How deep and wide should I dig my outdoor grow hole?  I plan to dig on both side of my deck steps. How much clearance shall I allow for hopefully big plants? I do have to move one azalea bush and about a million flower bulbs. My yard dirt seems to be good as is with lots of worms and blackness. flowers and bulbs come up everywhere too and seem to love it. I did plan to add a bag of some good soil and perlite.
also, what should I do if anything to help with bugs critters spiders caterpillars at this stage in the game? Can I add something to the soil mix that won’t hurt the plants. My fear is we have a lot of leaf eaters and root eaters around here I think. If I can do something now, it may help my plants going out in a couple weeks.


----------



## WeedHopper (Apr 28, 2022)

I like a 7 gallon hole if im planting in the ground and a 7 gallon fabric pot if above ground for big plants.


----------



## SubmarineGirl (Apr 28, 2022)

WeedHopper said:


> I like a 7 gallon hole if im planting in the ground and a 7 gallon fabric pot if above ground for big plants.


Do you use a black pot on your deck? That’s what I was gonna go with but I’ve been reading that black may not be so good for the roots. I want something that looks nice too. Maybe 10 gal but now not sure.
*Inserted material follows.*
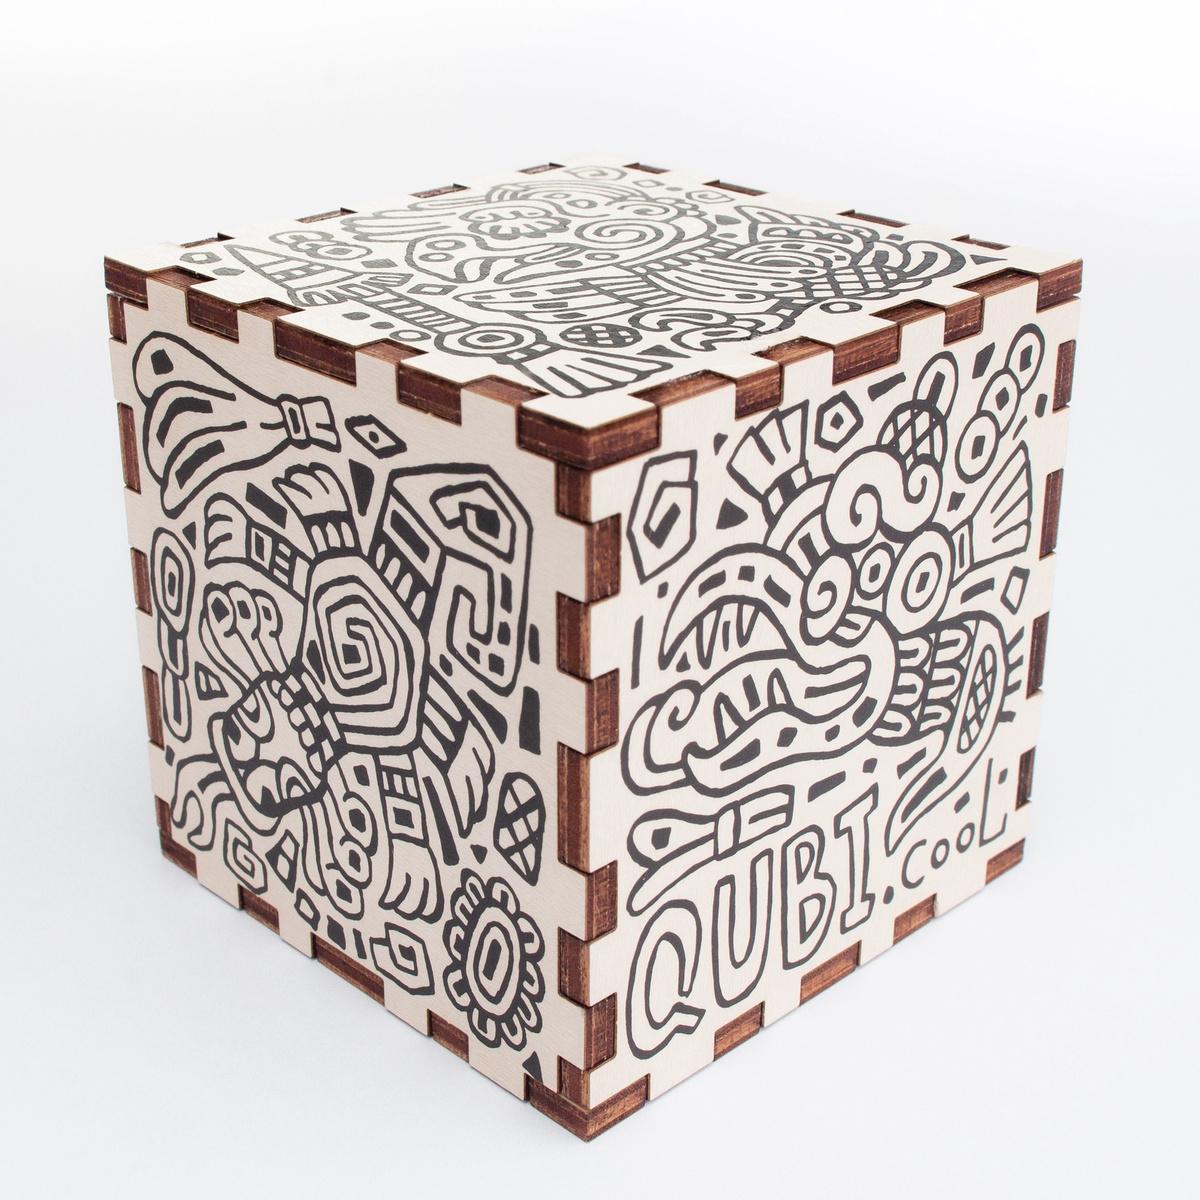 Головоломка QUBI - Дополнительная реальность (белый) белый  #1

My plants are gonna be starting out pretty big too So I want them to have all the room they need to grow big if they want to.


----------



## WeedHopper (Apr 28, 2022)

If they are Fabric pots the color shouldn't matter. I use Grayish black colored Fabric pots and my plants love them and they are in the sunlight all day long.


----------



## Patwi (Apr 28, 2022)

paint the black pots .. easy peasy


----------



## WeedHopper (Apr 28, 2022)




----------



## WeedHopper (Apr 28, 2022)

patwi said:


> paint the black pots .. easy peasy


I think hers are fabric like mine. Wouldnt want to paint Fabric.


----------



## bigsur51 (Apr 28, 2022)

looks like everyone is taking their girls out for some sunshine


----------



## bigsur51 (Apr 28, 2022)

SubmarineGirl said:


> How deep and wide should I dig my outdoor grow hole?  I plan to dig on both side of my deck steps. How much clearance shall I allow for hopefully big plants? I do have to move one azalea bush and about a million flower bulbs. My yard dirt seems to be good as is with lots of worms and blackness. flowers and bulbs come up everywhere too and seem to love it. I did plan to add a bag of some good soil and perlite.
> also, what should I do if anything to help with bugs critters spiders caterpillars at this stage in the game? Can I add something to the soil mix that won’t hurt the plants. My fear is we have a lot of leaf eaters and root eaters around here I think. If I can do something now, it may help my plants going out in a couple weeks.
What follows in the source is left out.